In their most recent work, the researchers moved their language into a more literal realm, creating 3-D images that, when manipulated, can trigger mathematical insights.

“Where before we had been working in two dimensions, we now see that it’s valuable to have a language that’s Lego-like, and in three dimensions,” Jaffe said. “By pushing these pictures around, or working with them like an object you can deform, the images can have different mathematical meanings, and in that way we can create equations.”

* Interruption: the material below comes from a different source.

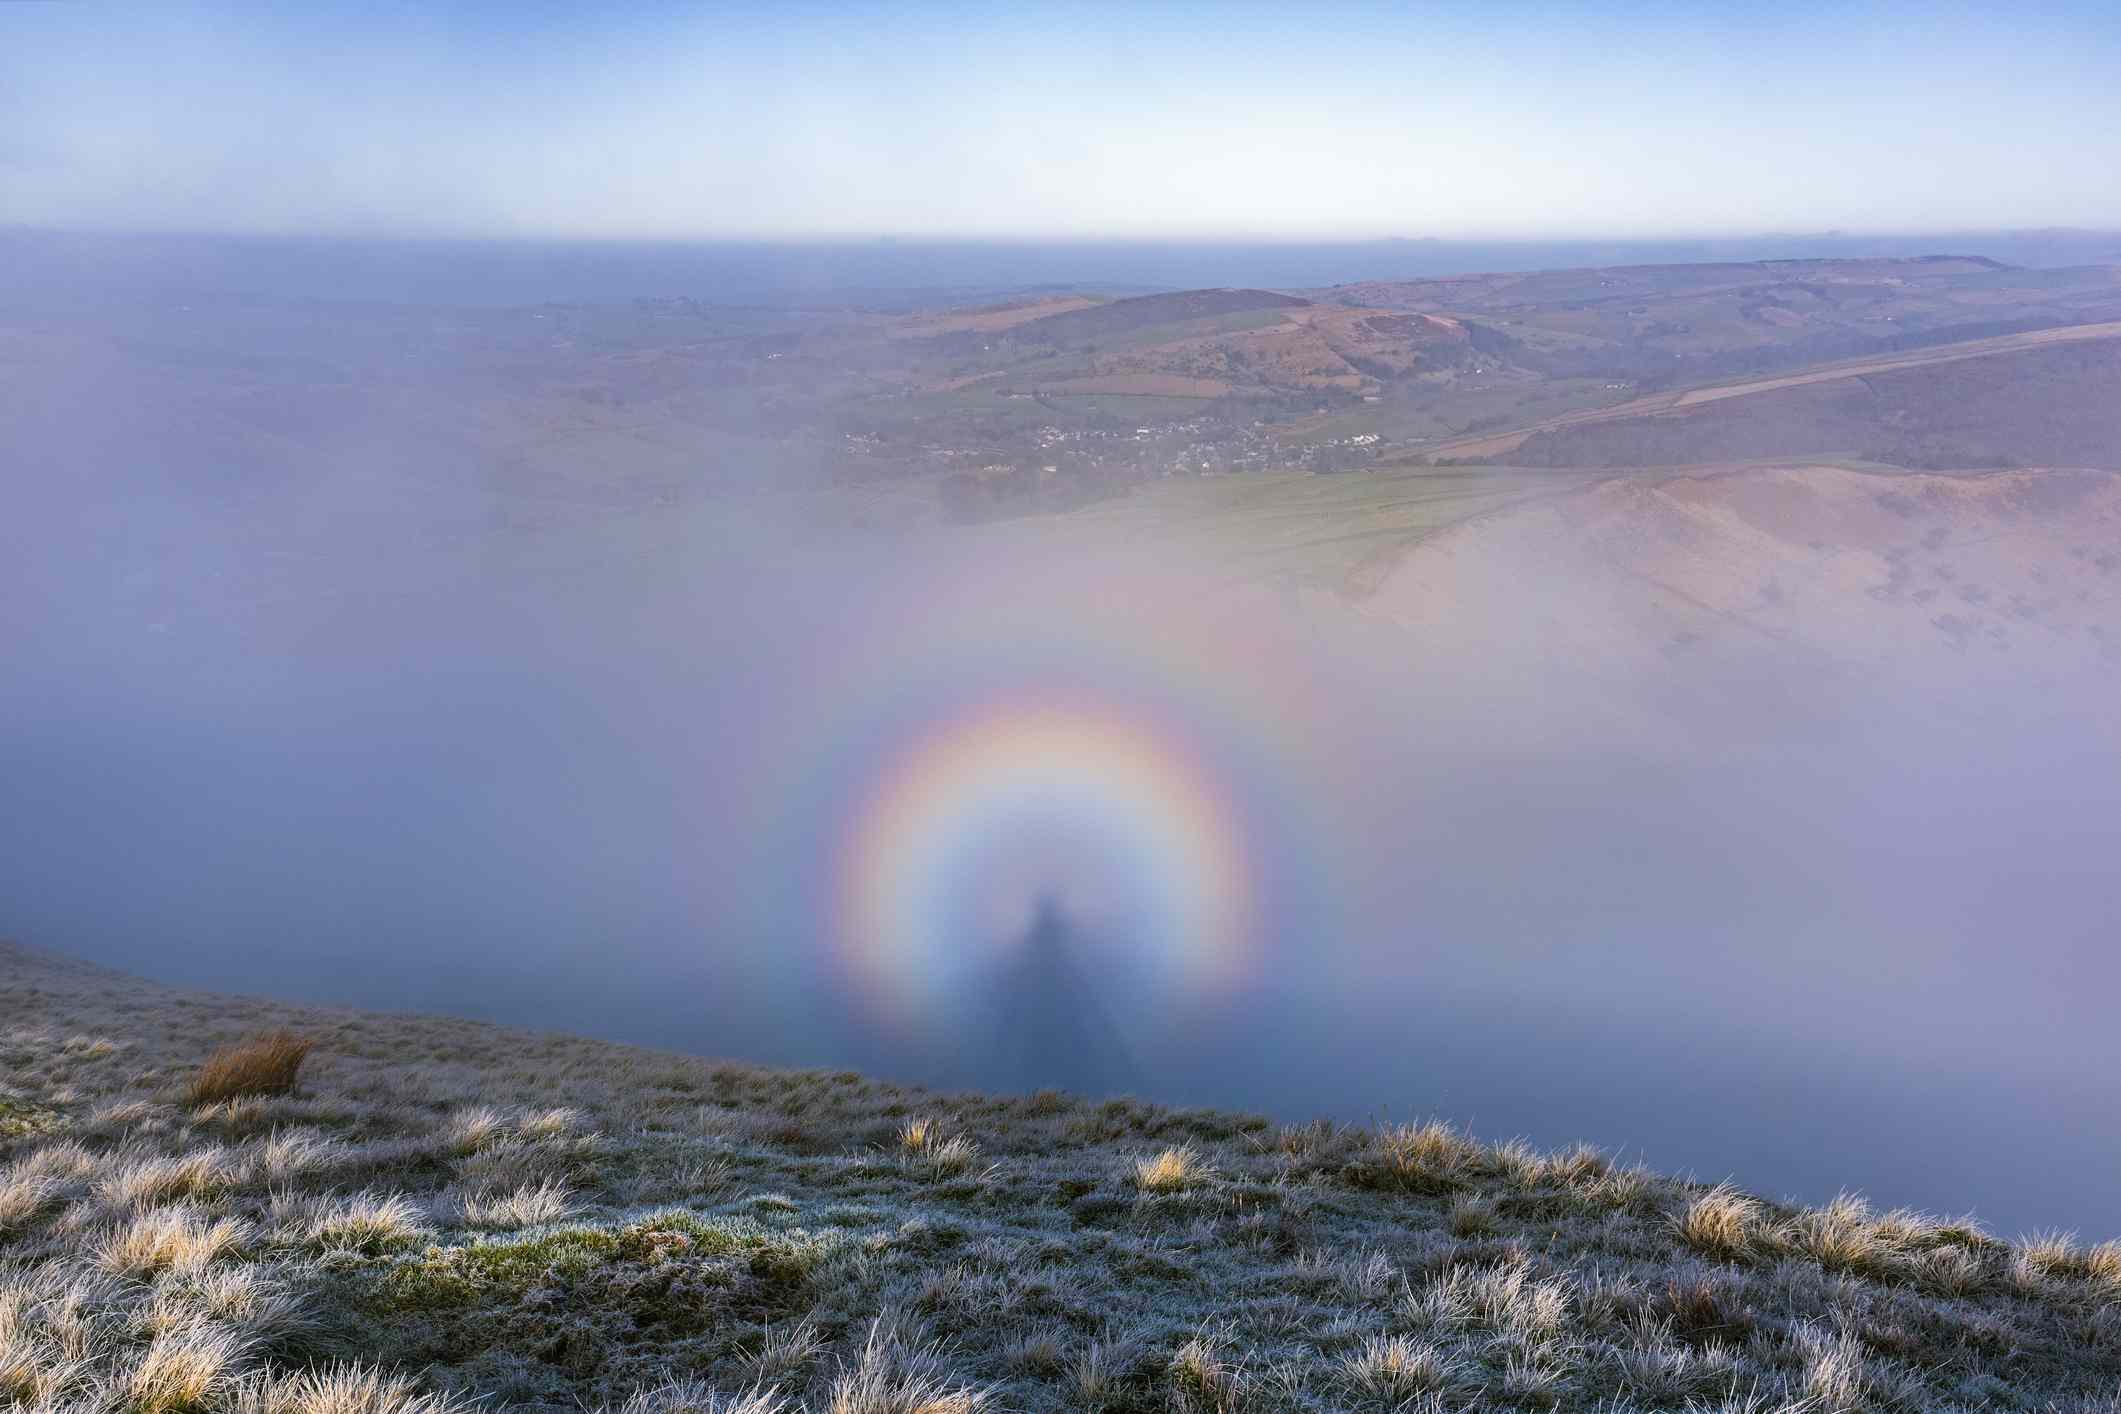 一个观察者被放大的影子投射在太阳对面的云层上，被称为“布罗肯幽灵”，看起来像一个人被彩虹包围着，上面有山脉和蓝白色的天空

Among their pictorial feats, Jaffe said, are the complex equations used to describe quantum teleportation. The researchers have pictures for the Pauli matrices, which are fundamental components of quantum information protocols. This shows that the standard protocols are topological, and also leads to discovery of new protocols.

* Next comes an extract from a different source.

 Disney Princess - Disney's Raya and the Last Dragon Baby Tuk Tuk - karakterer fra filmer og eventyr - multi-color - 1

“It turns out one picture is worth 1,000 symbols,” Jaffe said.

“We could describe this algebraically, and it might require an entire page of equations,” Liu added. “But we can do that in one picture, so it can capture a lot of information.”

Having found a fit with quantum information, the researchers are now exploring how their language might also be useful in a number of other subjects in mathematics and physics.

“We don’t want to make claims at this point,” Jaffe said, “but we believe and are thinking about quite a few other areas where this picture-language could be important.”

Sadly, there are no artistic images illustrating quon but this is from the paper,

An n-quon is represented by n hemispheres. We call the flat disc on the boundary of each hemisphere a boundary disc. Each hemisphere contains a neutral diagram with four boundary points on its boundary disk. The dotted box designates the internal structure that specifies the quon vector. For example, the 3-quon is represented as

Courtesy: PNAS and Harvard University

I gather the term ‘quon’ is meant to suggest quantum particles.

Here’s a link and a citation for the paper,

Quon 3D language for quantum information by Zhengwei Liu, Alex Wozniakowski, and Arthur M. Jaffe. Proceedins of the National Academy of Sciences Published online before print February 6, 2017, doi: 10.1073/pnas.1621345114 PNAS March 7, 2017 vol. 114 no. 10

This paper appears to be open access.